Once the data has been seasonally adjusted, the resulting Net Employment Outlook is +7%. Hiring prospects are unchanged quarter-over-quarter and improve by 2 percentage points year-over-year.
Lyndy van den Barselaar, Managing Director of Manpower SA, provides insights into why South African employers are reporting cautiously optimistic hiring intentions for the April to June time frame:
“As global economic uncertainty continues, many businesses will be more cautious about increasing staffing levels. The majority of local employers said they anticipated no change in their staffing levels for the upcoming quarter, which is a reflection of this economic uncertainty translating into the local employment market,” she says.
Workforce gains are anticipated in all five regions during 2Q 2017. The strongest labour market is forecast in Western Cape, where employers report a Net Employment Outlook of +14%. Elsewhere, employers report cautiously optimistic Outlooks of +9% in both Free State and KwaZulu Natal, while Outlooks stand at +6% and +4% in Eastern Cape and Gauteng, respectively.

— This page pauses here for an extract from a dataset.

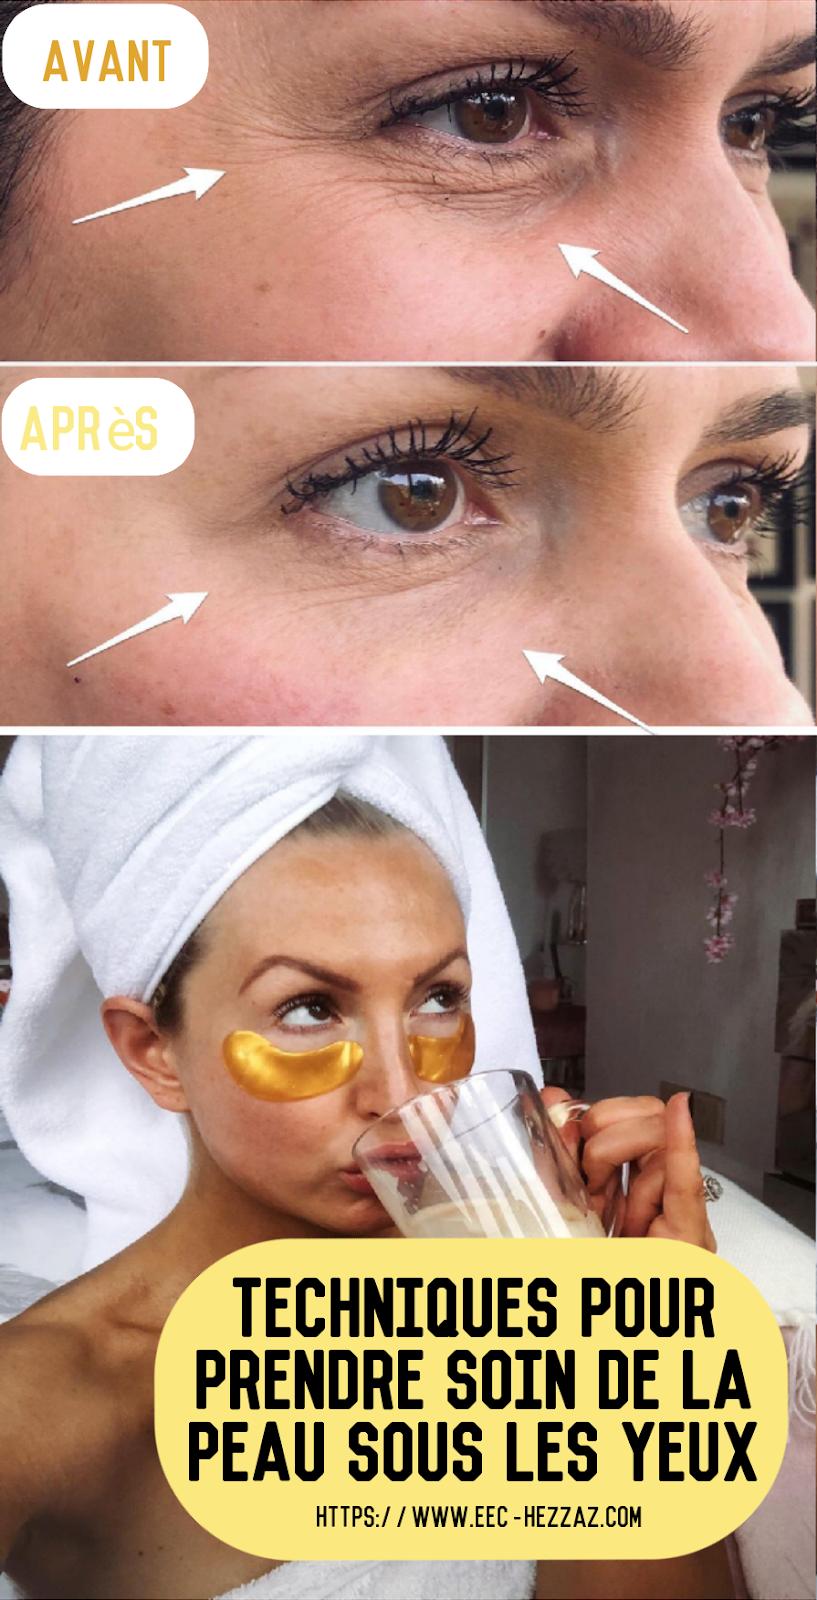 Techniques pour prendre soin de la peau sous les yeux

“The Western Capes economy is dominated by the City of Cape Town, which is an extremely popular tourist destination for local and international holiday makers. There is a strong push for development in the tourism sector, as was seen by government’s R100-million investment into building the Plettenberg Bay Airport road, the proposed completion of the N1 road coming into Cape Town, the R832 million expansion currently underway at the Cape Town International Convention Centre, the building of the new Zeiss Museum of Contemporary Arts Africa at the V&A Waterfront, as well as the expansion and refurbishments of various new hotels in the city. The tourism sector is the largest employer in the region, employing more than 4000 people with the prospects of more jobs created as the sector continues to grow. This could definitely be a contributing factor to the positive employment outlook in the region,” explains van den Barselaar.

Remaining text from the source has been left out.